Additionally, it was found that NDPK could participate in thiopurines metabolism and had been correlated with treatment efficacy in childhood leukemia, the incidence of rejection episodes in kidney transplantation as well as in patients with inflammatory bowel disease (IBD) [13,14]. Thiopurines, such as azathioprine and 6-mercaptopurine, were pro-drugs and metabolized step-wise into 6-thioguanosine 5' –phosphate (6-TGTP) by various intracellular enzymes [15], in which NDPK participated in the transfer of γ-phosphate. They were commonly used as immunosuppressant agents in treatment of autoimmune diseases, chronic inflammatory disease, and post-transplant immunosuppression [15,16]. However, various kinds of adverse effects, such as myelotoxicity, hepatotoxicity, and malignant complications, limited their application, and the polymorphism of thiopurine S-methyl transferase, inosine triphosphate pyrophosphatase, hypoxanthine phosphoribosyltransferase could just explain a little [15,16]. According to the previous research [13], it was known that NDPK activity could directly influence the concentration of 6-TGTP that was correlated with treatment efficacy. Therefore, in the transplant recipients the frequency distribution of NDPK activity levels is becoming an increasingly important concern. However, no data are available on the characteristics of NDPK activity levels in Chinese population, especially in the transplant recipients.
There are various methods for NDPK assay such as enzyme-linked immunosorbent assay (ELISA) [10], immunohistochemical staining method [17], Western blotting [18], continuous spectrophotometric assay [19,20], thin layer chromatography (TLC) assay [21], enzyme-coupled spectrophotometric assay [22], and blue native polyacrylamine gel electrophoresis (PAGE) method [23]. ELISA can measure the antigen level of NDPK in serum or tissue [10]. Immunohistochemical staining methods were used to measure local NDPK level in tissue and locate secretory tissue [17]. Western blotting can determine the NDPK protein expression levels in tissues and cells; however, it was time-consuming and semi-quantitative while requiring a high specificity of antibody [18]. Importantly, these above methods can only measure the expression levels but not the activity. Continuous spectrophotometric assay progressed a three-step reaction with five reactants to calculate the reaction rate of enzyme activity except for the complexity of the procedures [19,20]. TLC assay with [γ-32P] adenosine triphosphate as substrate and deoxyguanosine triphosphate (dGTP) as product, but the crude extracts must be adjusted to the same protein concentration and it had radioactivity [21]. Enzyme-coupled spectrophotometric assays were applied to analyze kinetics behavior and to quantify NDPK from a wide variety of animal, microbial, and plant sources, but NDPK needs to be purified and requires a large amount of sample and auxiliary enzymes [22]. Blue native PAGE method can monitor NDPK expressing level and activity but its procedures were complex [23]. Thus, the development and validation of a lower cost and simpler procedure with high sensitivity is crucial for measuring NDPK activity.

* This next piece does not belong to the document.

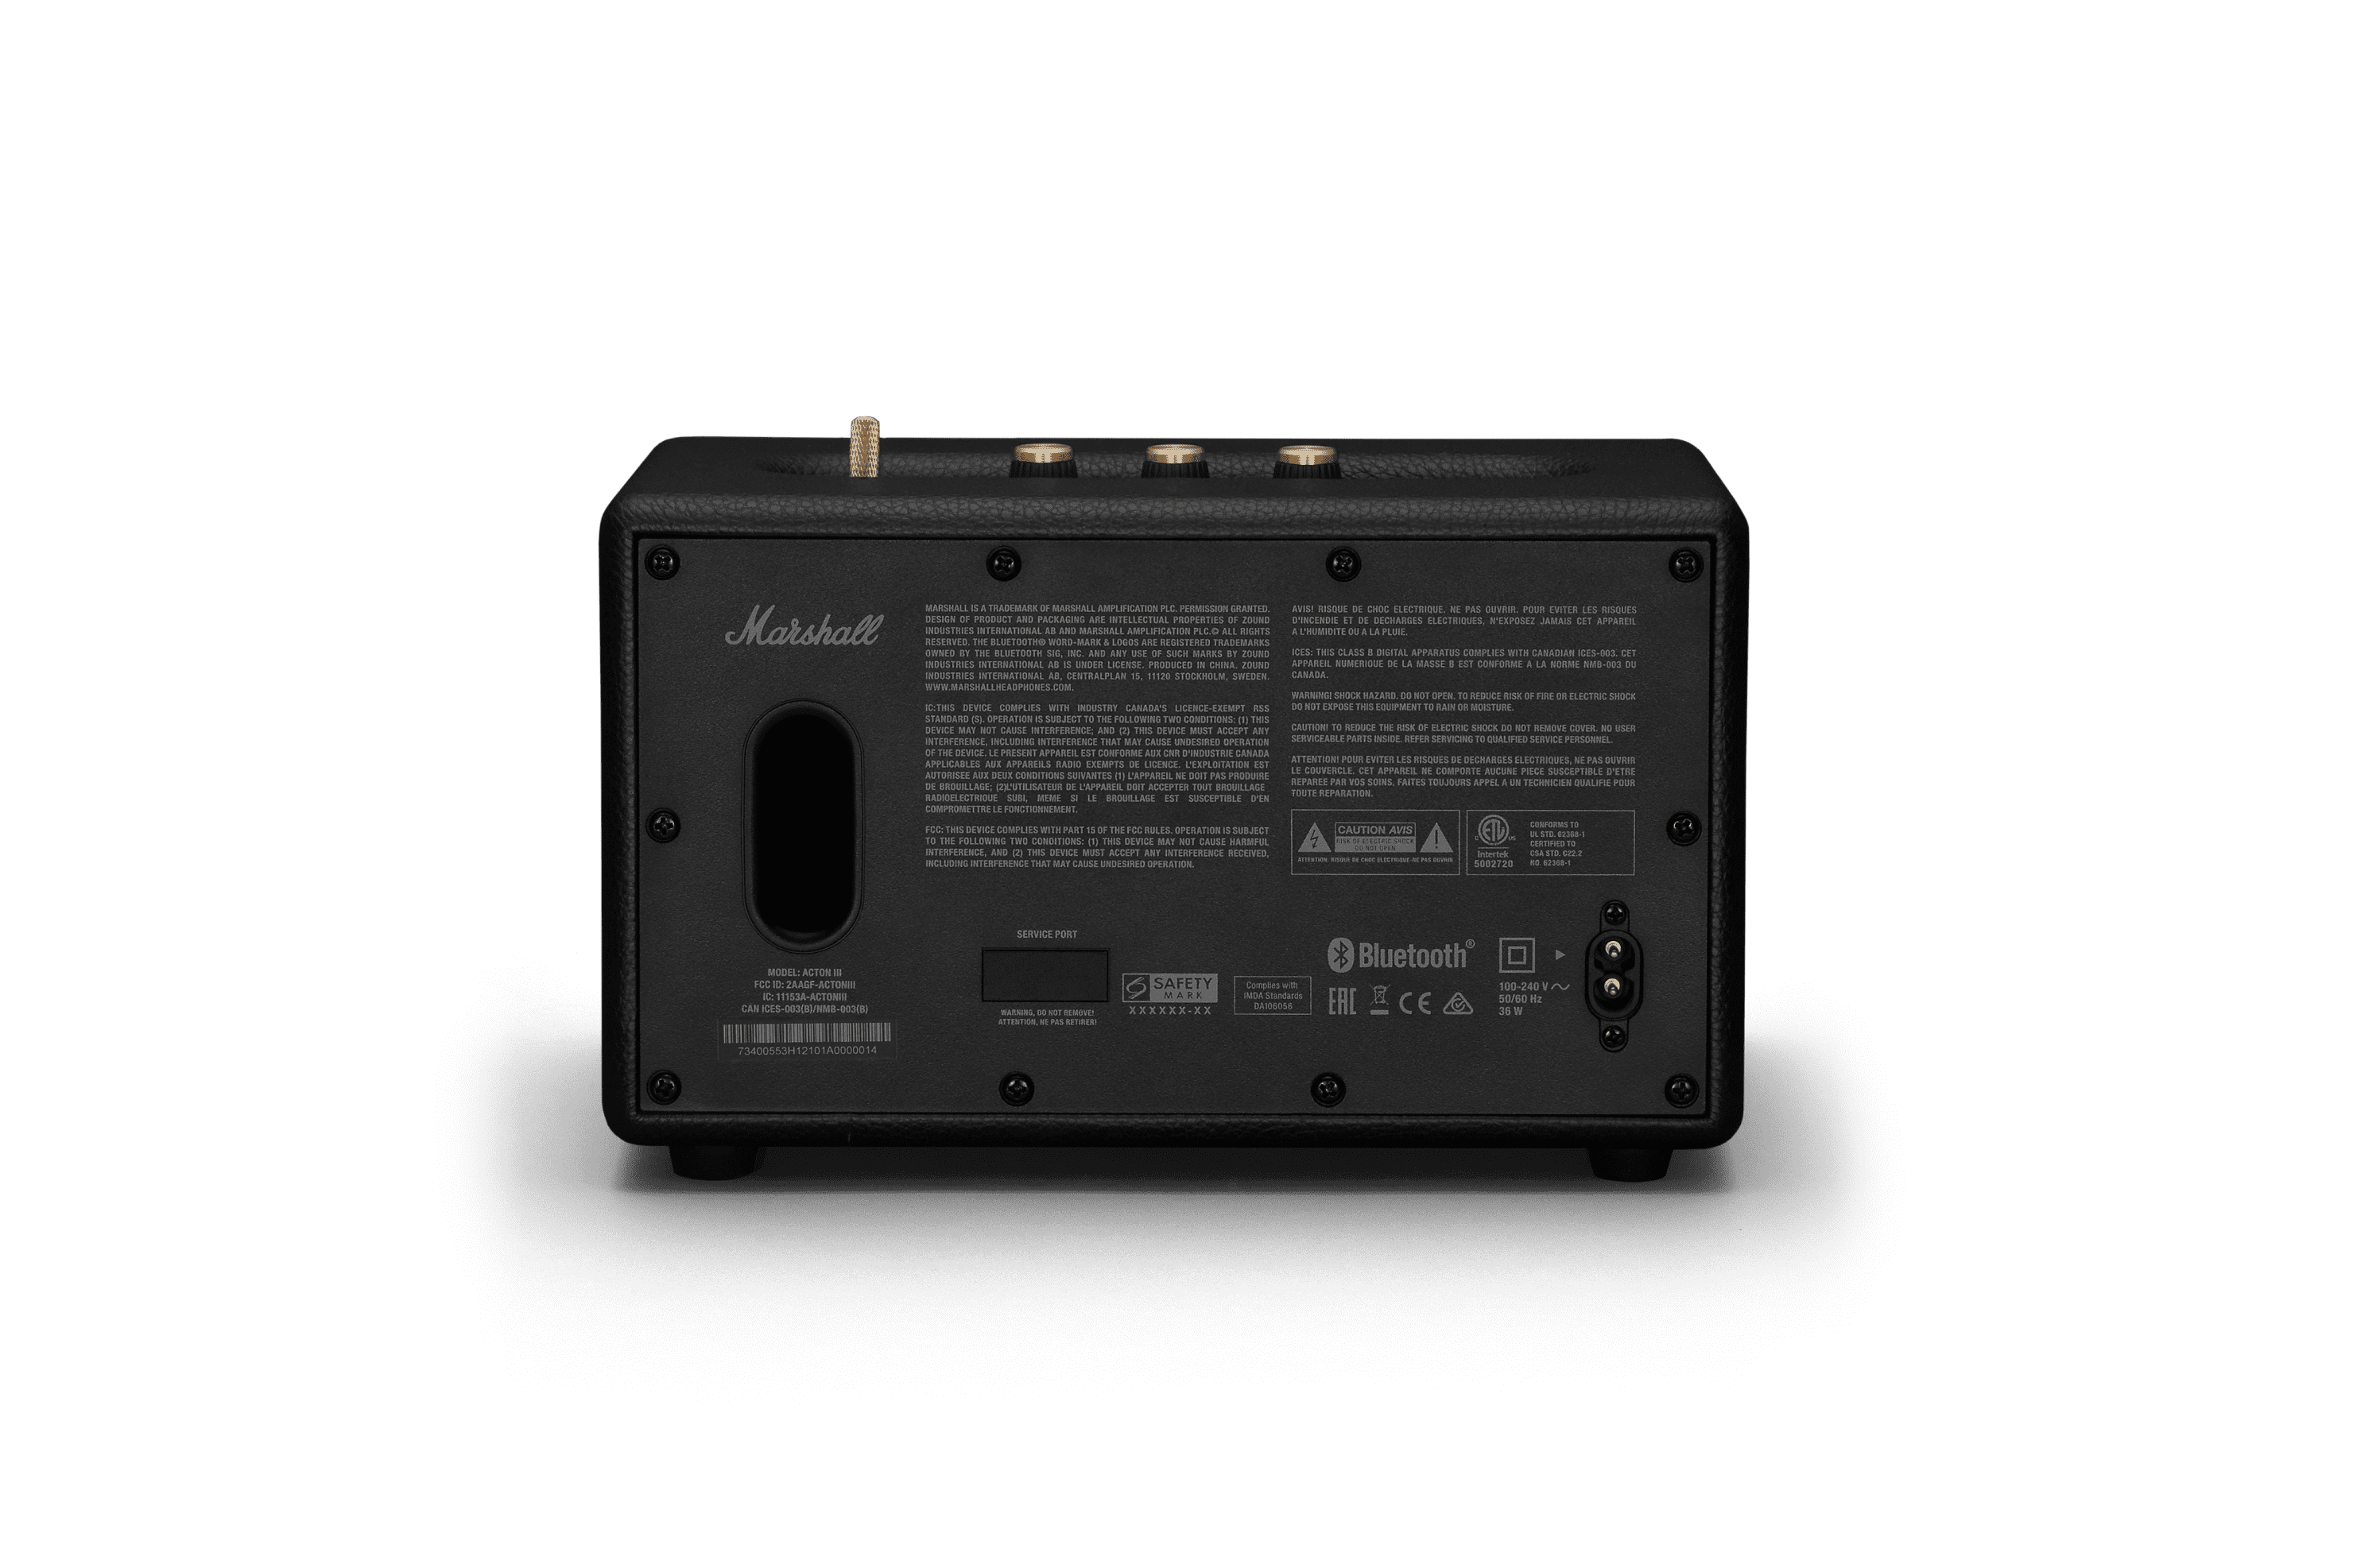 Marshall Acton III Home Bluetooth Speaker User Manual

Since the importance of NDPK has been revealed, the enzyme kinetics of NDPK had been studied previously [24,25]. On account of that the A and B isoforms of NDPK were the most abundant members in many human tissues including erythrocyte, different kinetic parameters of NDPK-A or NDPK-B with various nucleotides substrate were summarized in review [25]. Additionally, a detailed transient kinetic analysis of the human NDPK-A and NDPK-B had been also conducted to study the half-reaction of NDPK-catalyzed phosphoryl transfer [26]. Because the appropriate temperature, pH and ionic strength were not easily chosen, most of the previous kinetic studies were conducted on purified enzymes. However, NDPK-A and NDPK-B had been demonstrated unequivocally with NDPK activity [27], and the enzyme kinetics of purified or recombinant NDPK may not reflect the actual status and properties. Therefore, it is urgently necessary to investigate the properties and enzyme kinetics of NDPK in internal environment.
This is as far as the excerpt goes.